The data below is to be written out exactly, with no pictures.

(Given information)

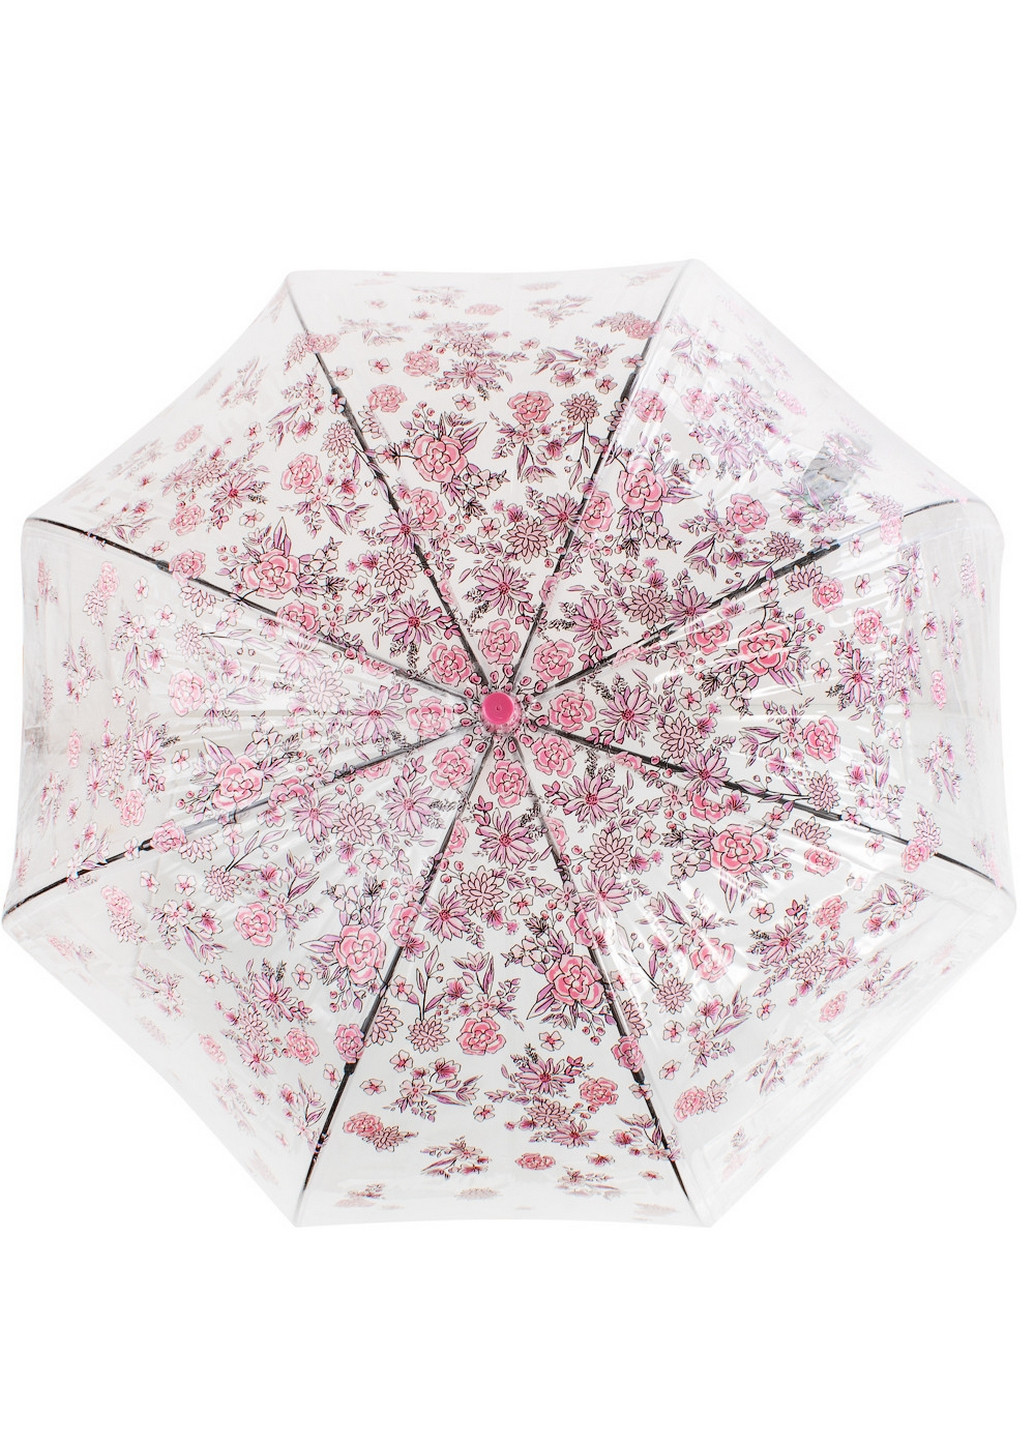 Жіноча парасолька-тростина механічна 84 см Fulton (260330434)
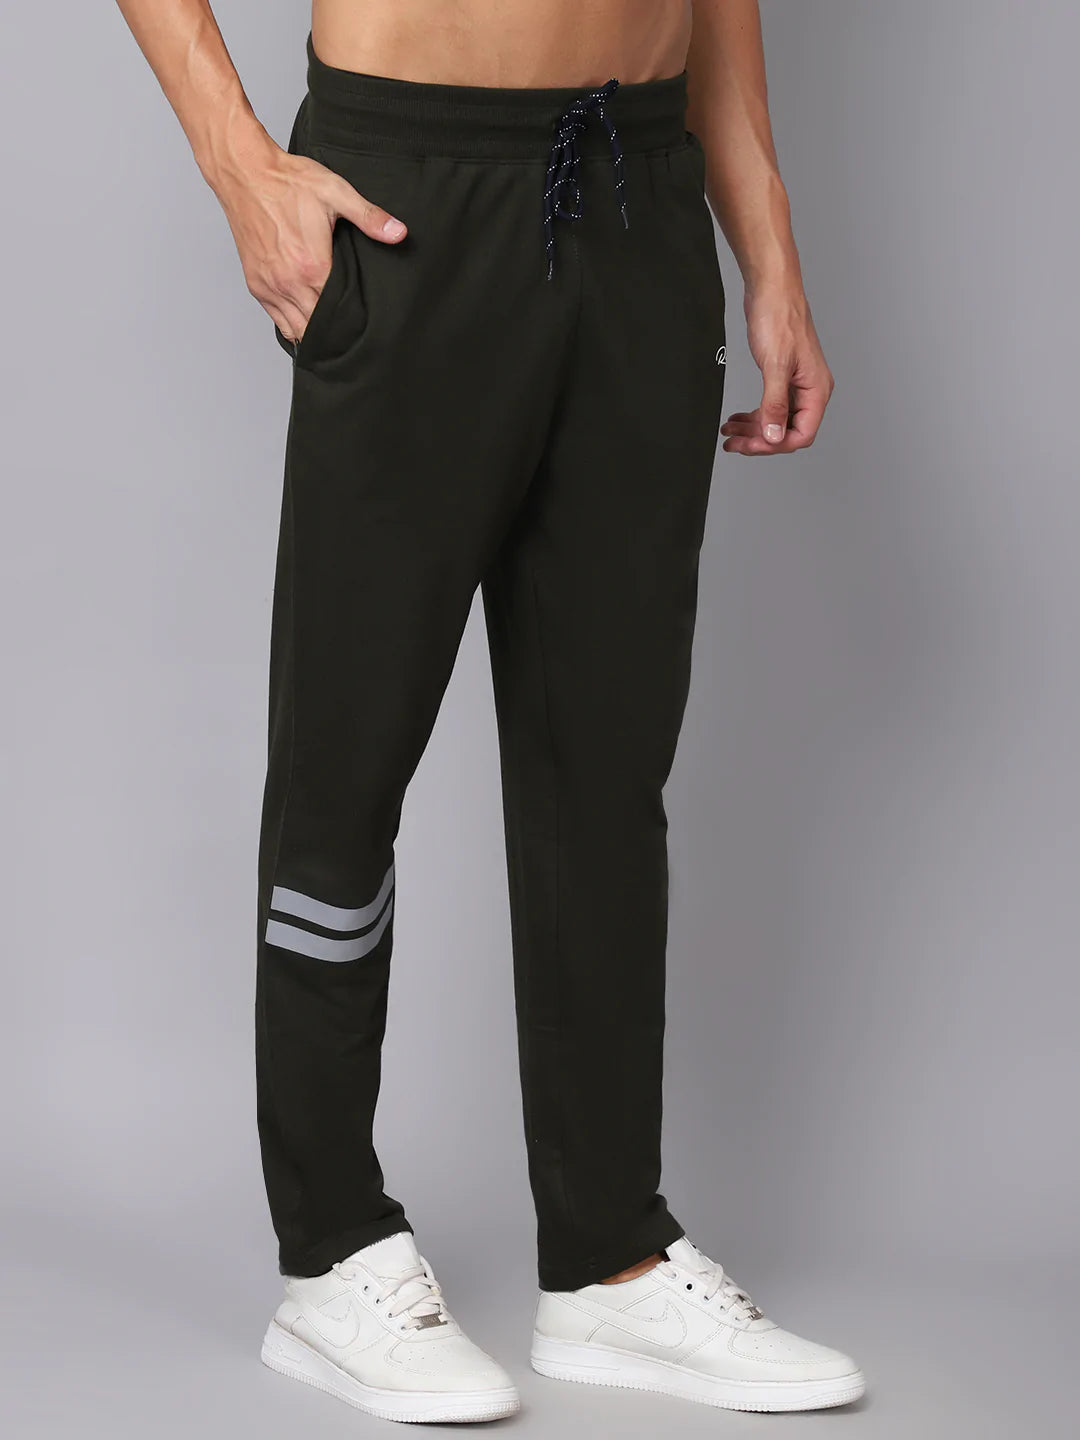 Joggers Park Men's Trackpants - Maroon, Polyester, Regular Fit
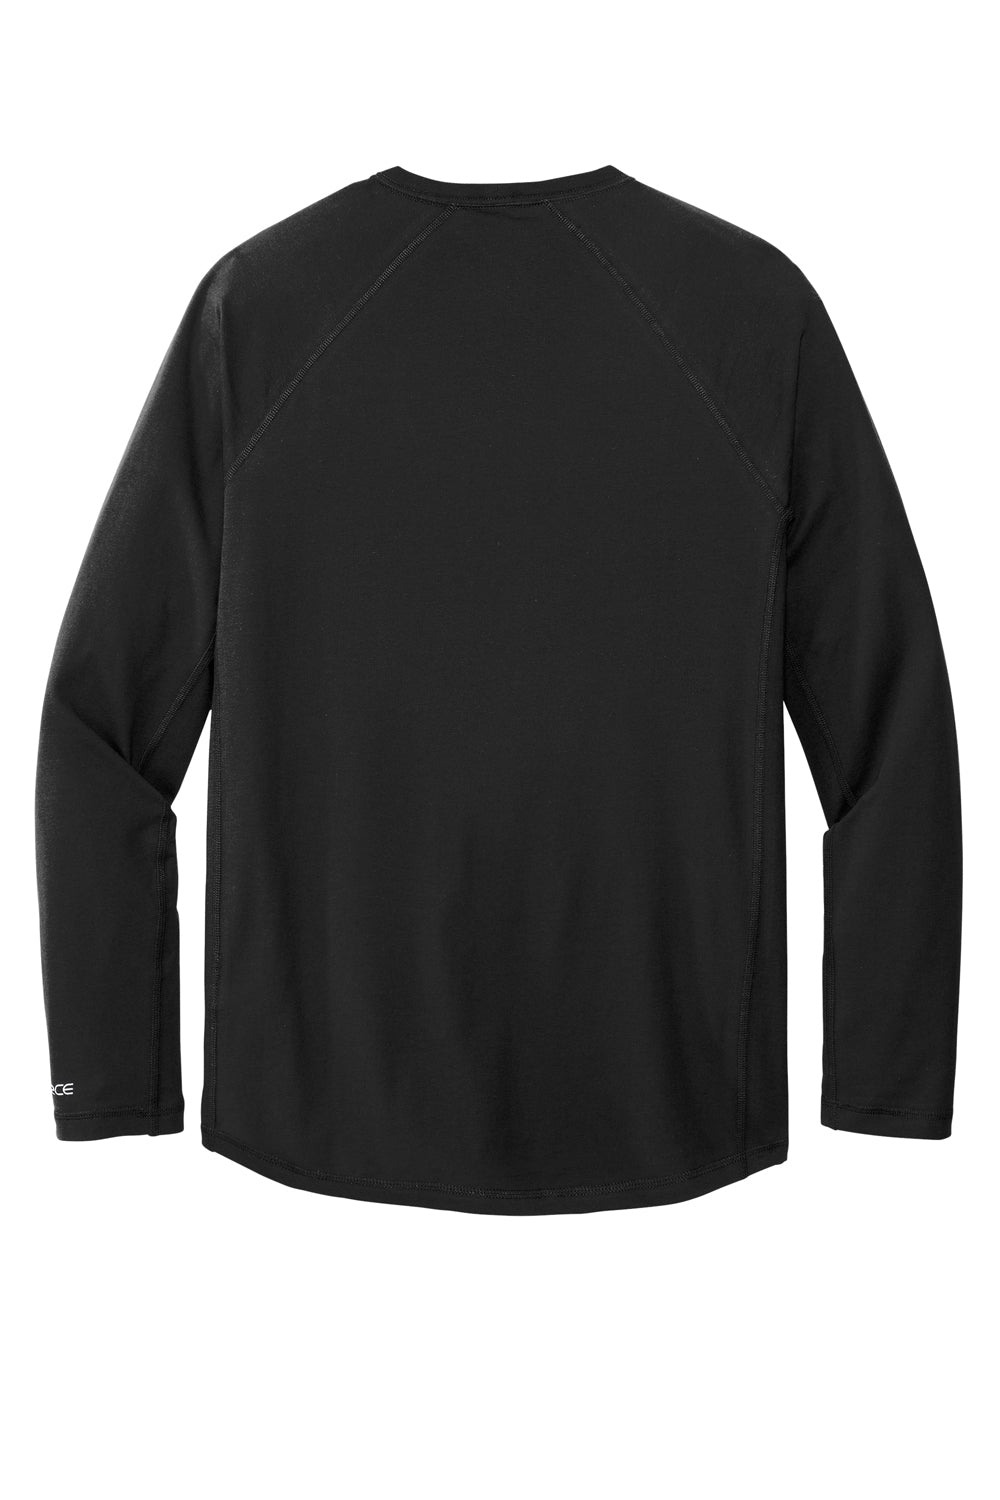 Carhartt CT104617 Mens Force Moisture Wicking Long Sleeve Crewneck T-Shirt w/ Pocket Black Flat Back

(End Given information)

§ Solution to this exercise
 Жіноча парасолька-тростина механічна 84 см Fulton (260330434)
 Joggers Park Men's Trackpants - Maroon, Polyester, Regular Fit
 Carhartt CT104617 Mens Force Moisture Wicking Long Sleeve Crewneck T-Shirt w/ Pocket Black Flat Back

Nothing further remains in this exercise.